#### Dataset extract

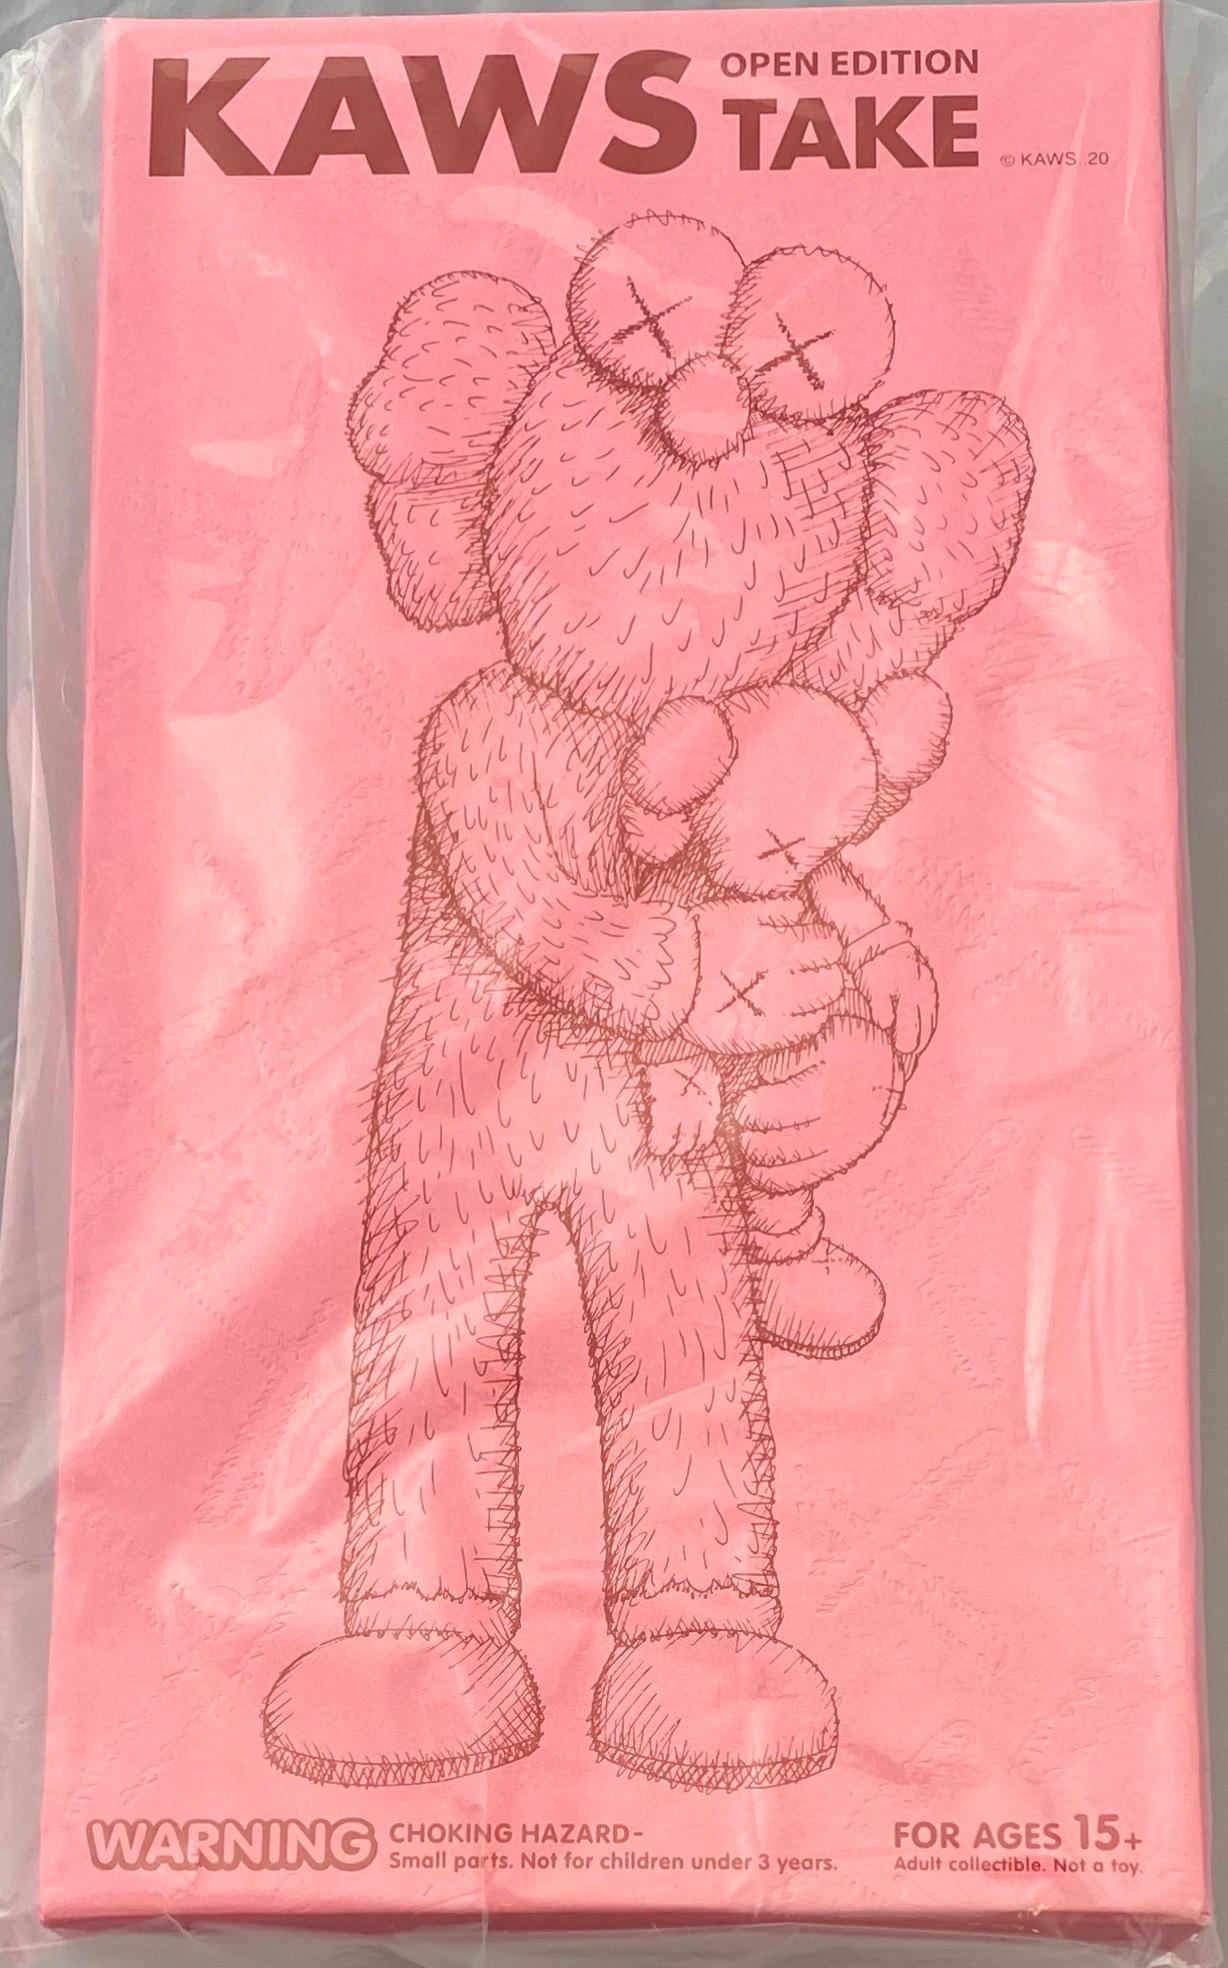 KAWS TAKE (Pink) figurative sculpture new & unopened in its original packaging. 
A well-received work and variation of KAWS' large scale TAKE sculpture - a key highlight of the exhibition, 'KAWS BLACKOUT at Skarstedt Gallery London in 2019 - the
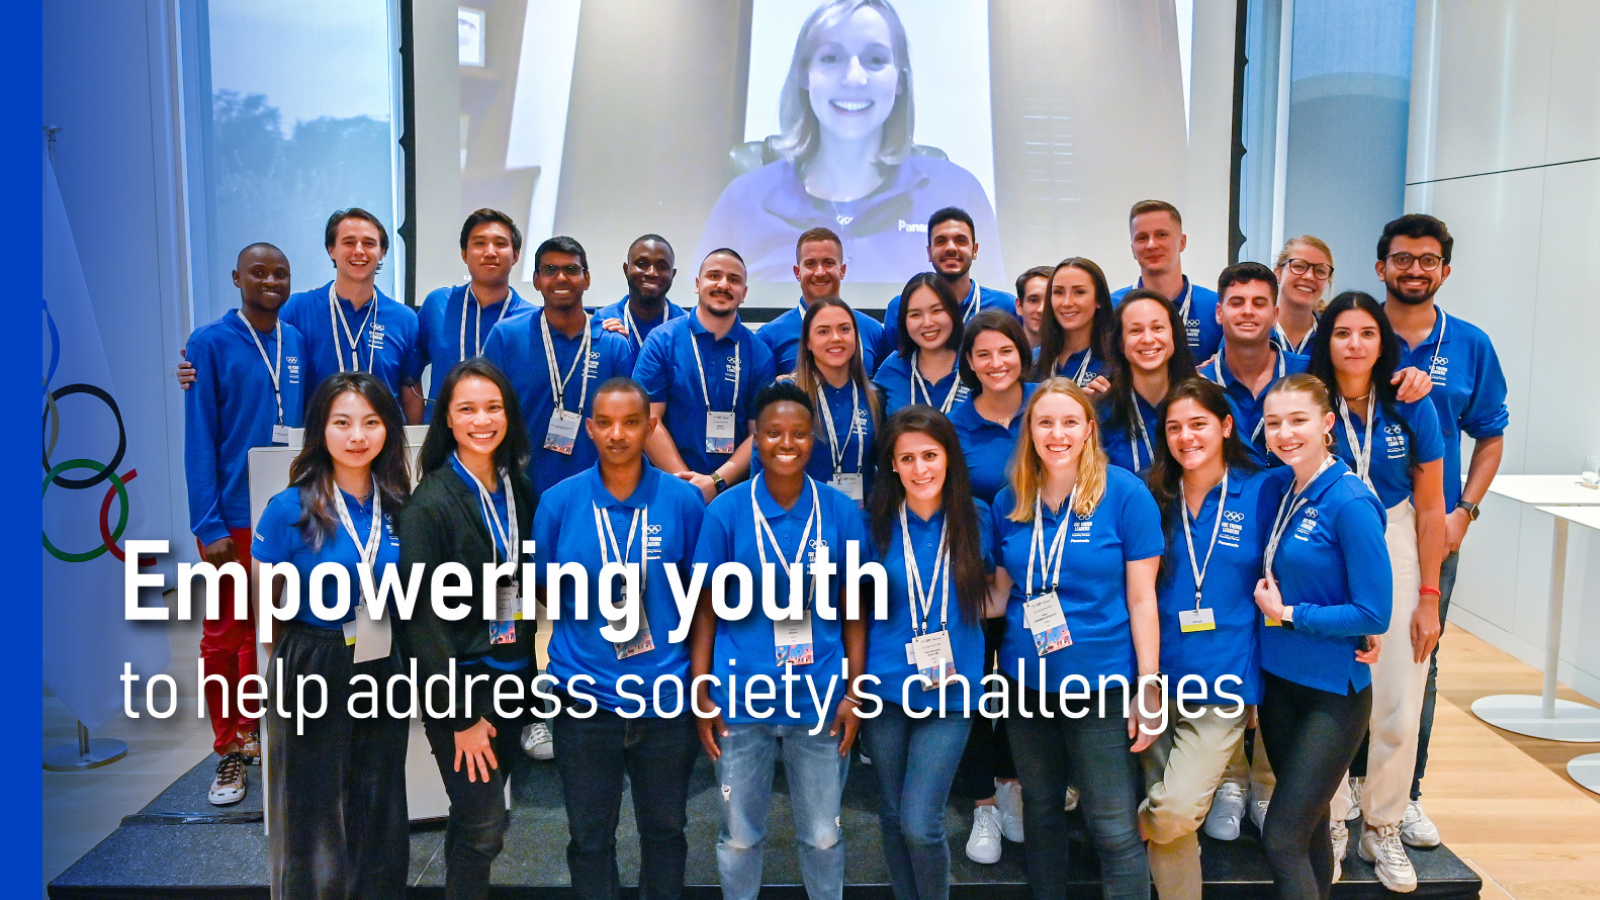 Image: Empowering youth to help address society’s challenges

########

What to produce
Would you give the material back exactly, minus the pictures?

Exercise output
 KAWS TAKE (Pink) figurative sculpture new & unopened in its original packaging. 
A well-received work and variation of KAWS' large scale TAKE sculpture - a key highlight of the exhibition, 'KAWS BLACKOUT at Skarstedt Gallery London in 2019 - the
 Image: Empowering youth to help address society’s challenges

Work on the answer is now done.